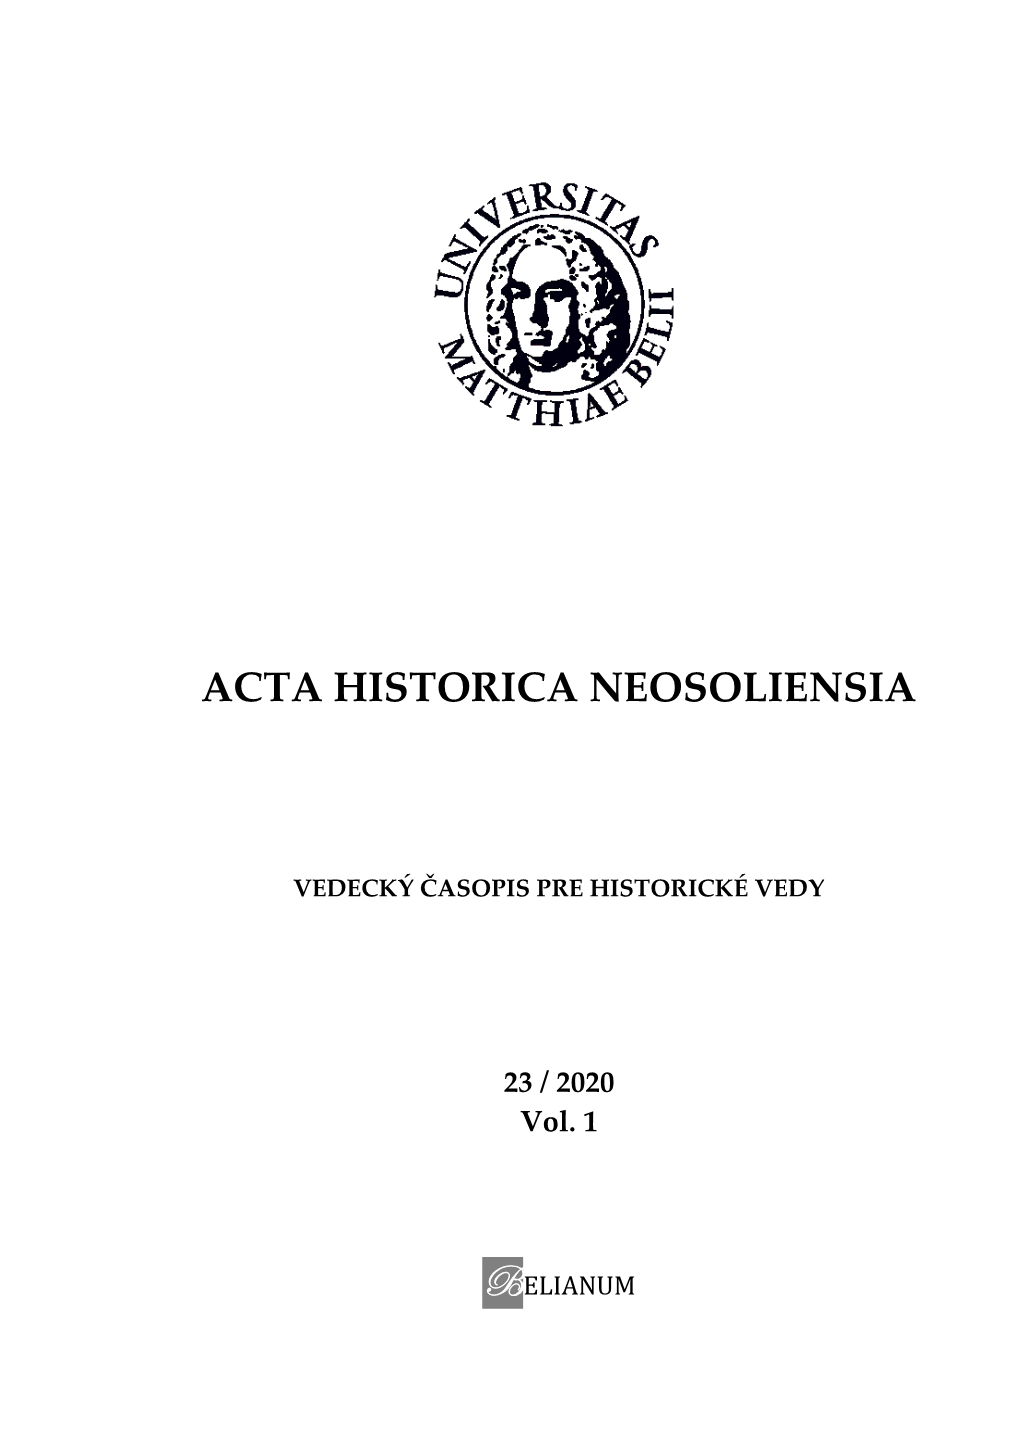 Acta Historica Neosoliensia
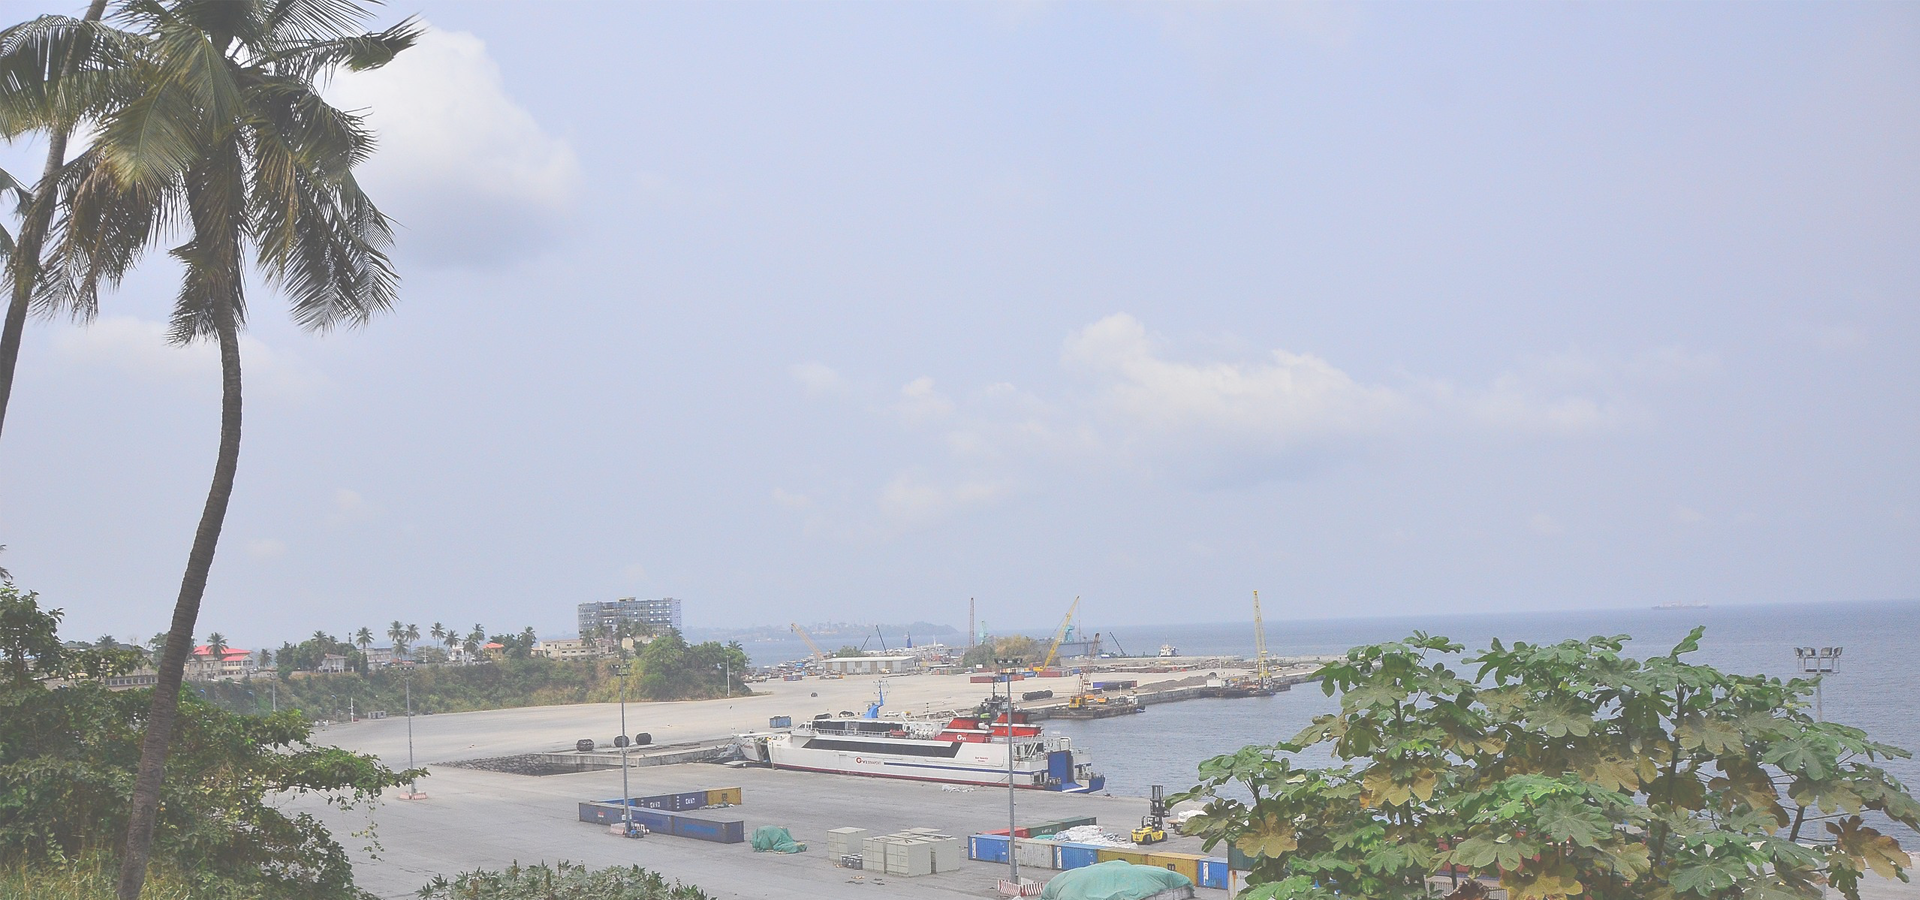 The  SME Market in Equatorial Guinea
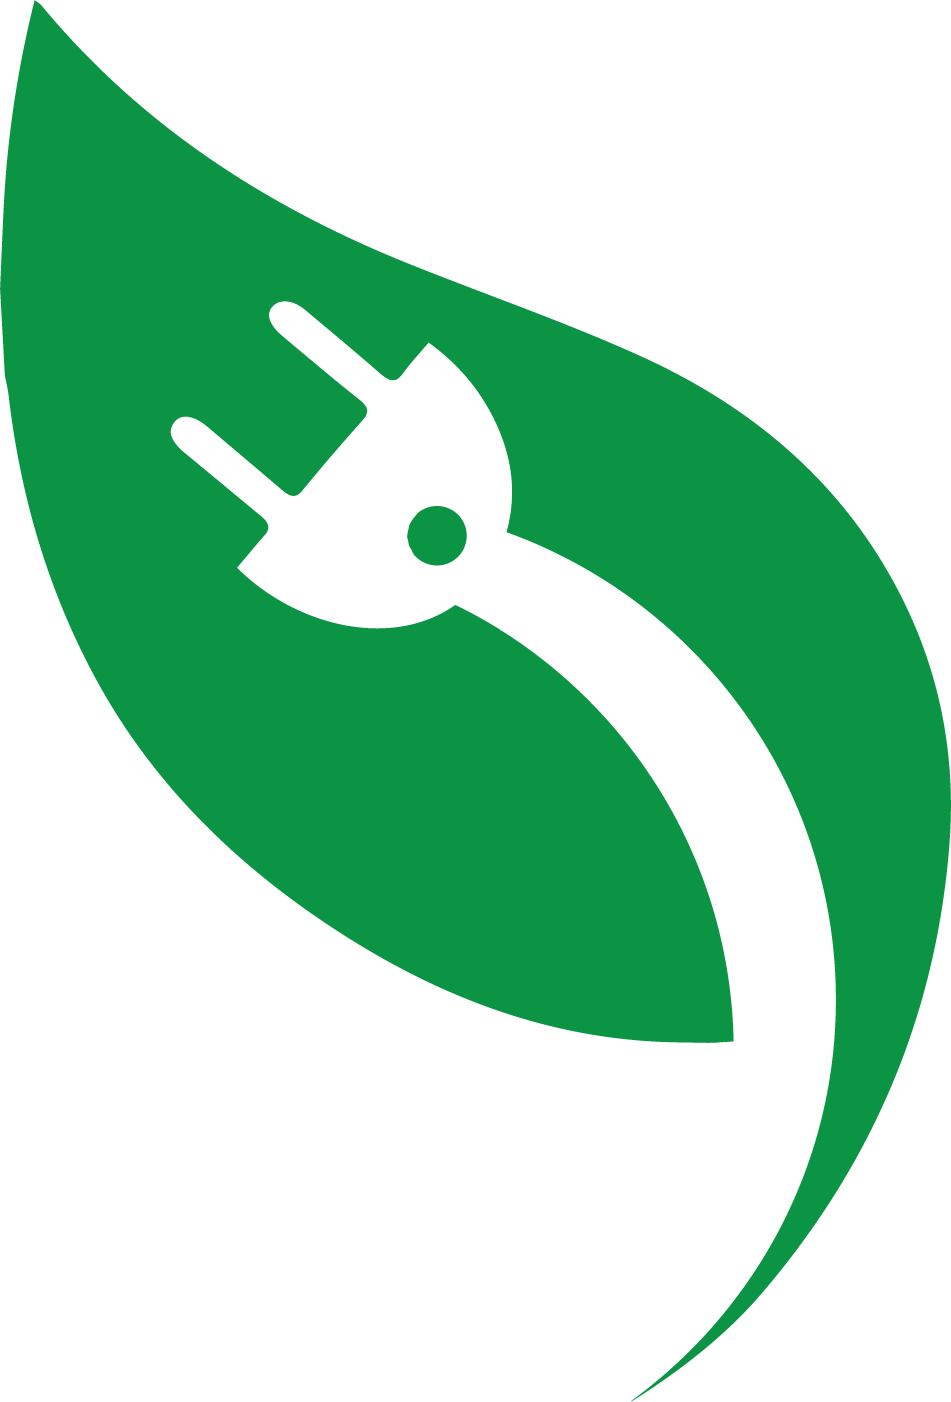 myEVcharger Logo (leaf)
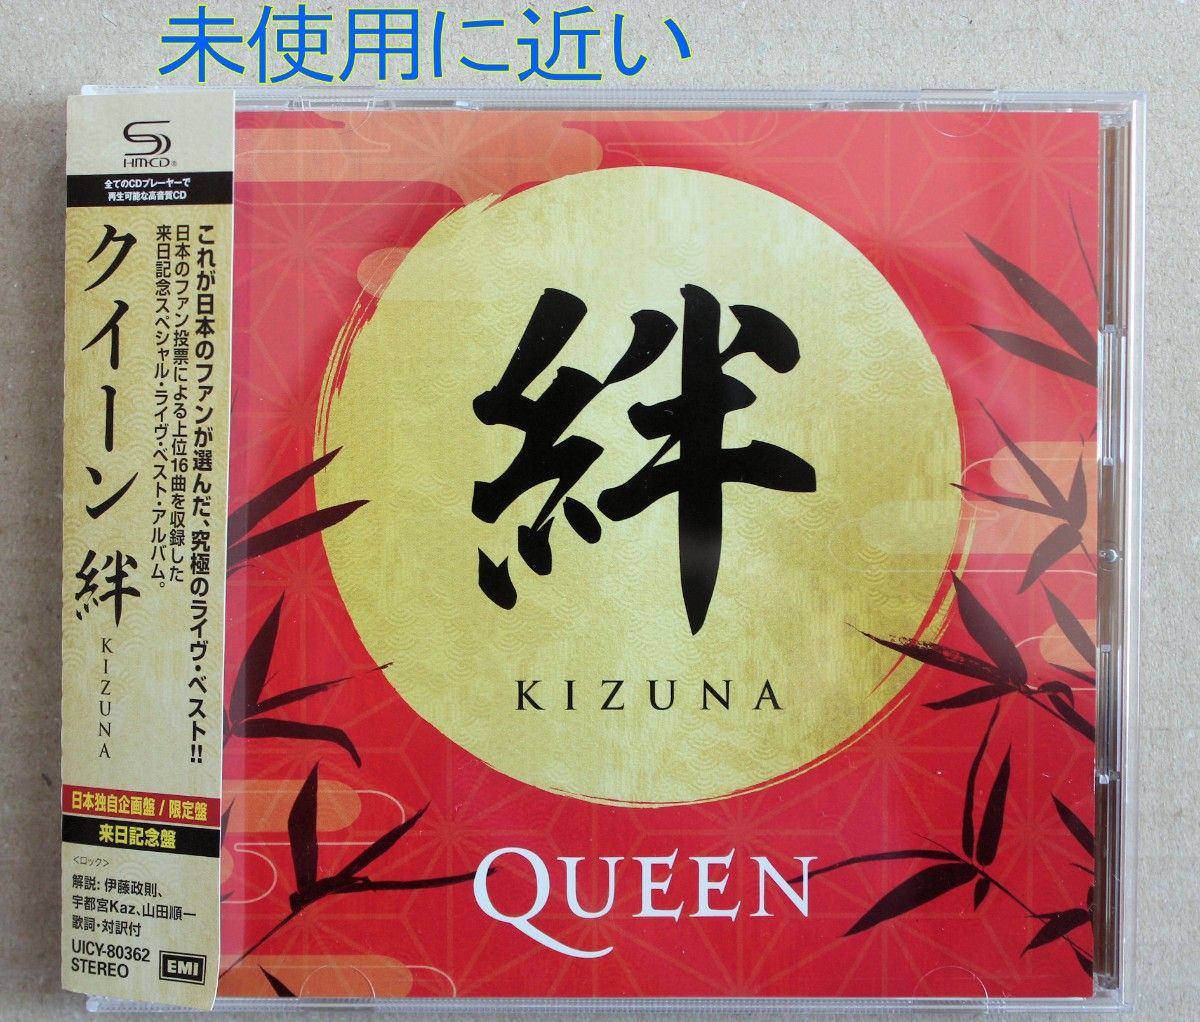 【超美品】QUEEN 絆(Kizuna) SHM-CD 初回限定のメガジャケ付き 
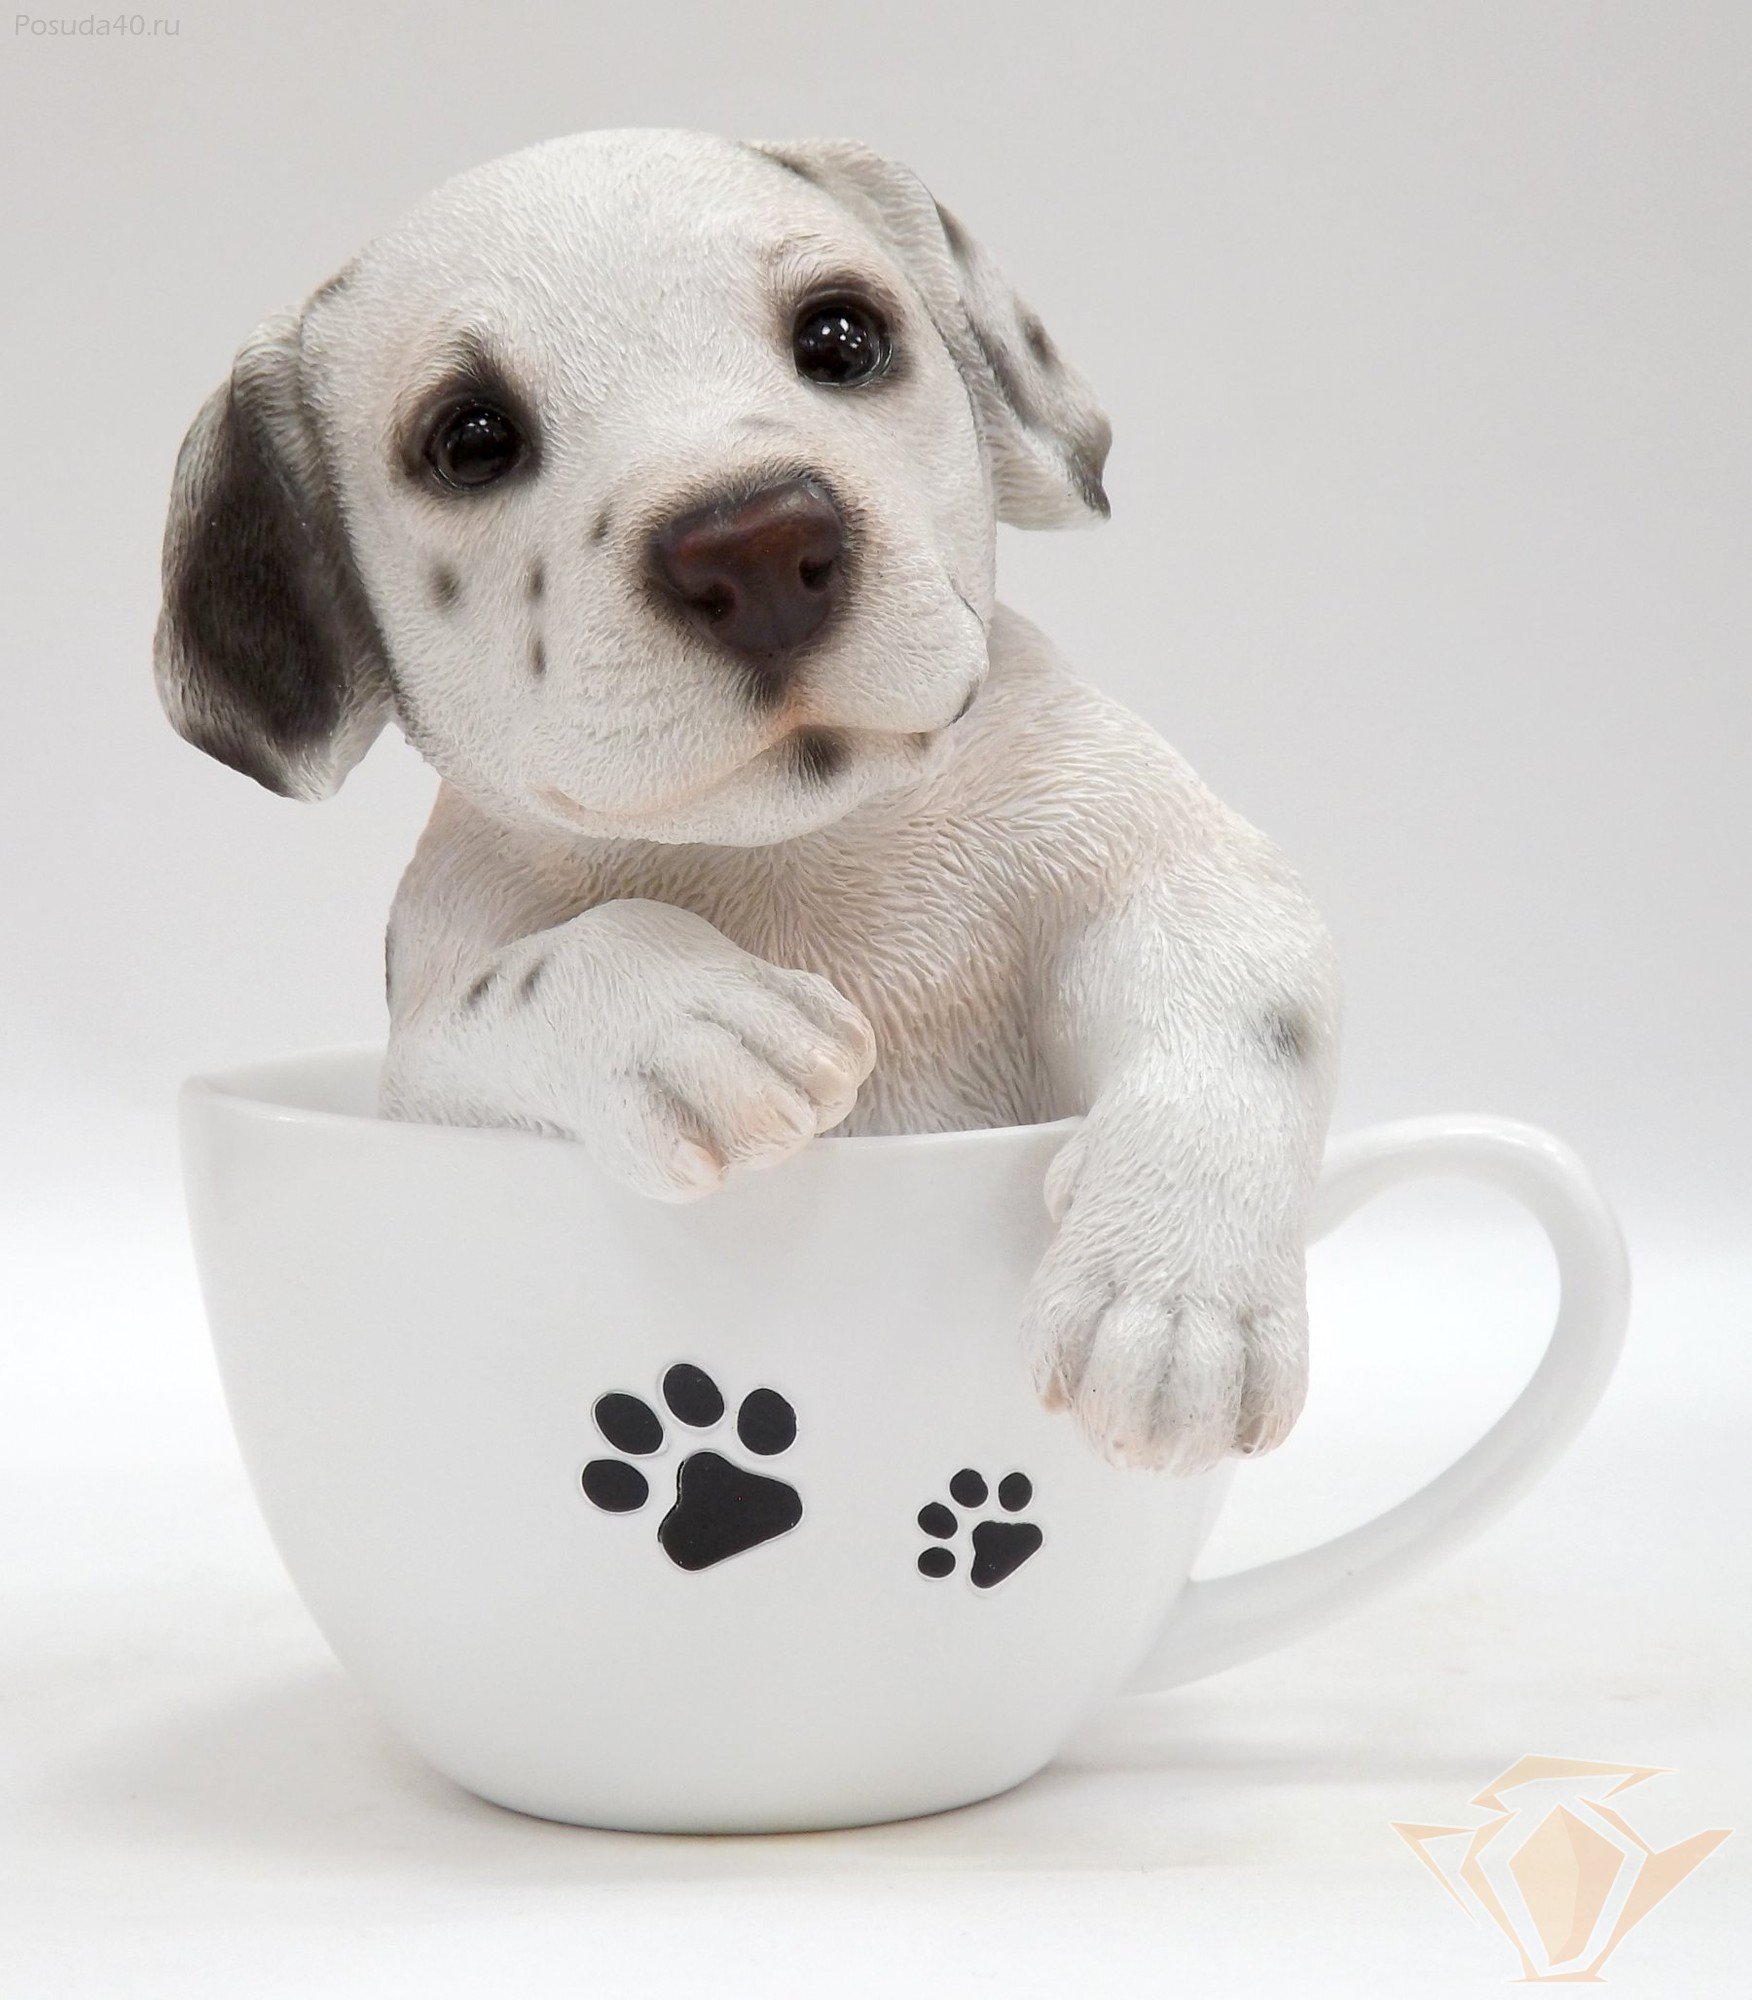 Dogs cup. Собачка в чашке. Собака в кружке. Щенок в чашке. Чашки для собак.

_ _ _ _

Exercise aim: Your answer should set down the listing verbatim and leave out its images.

Solution to the problem:
 Acta Historica Neosoliensia
 The  SME Market in Equatorial Guinea
 myEVcharger Logo (leaf)
 【超美品】QUEEN 絆(Kizuna) SHM-CD 初回限定のメガジャケ付き 
 Dogs cup. Собачка в чашке. Собака в кружке. Щенок в чашке. Чашки для собак.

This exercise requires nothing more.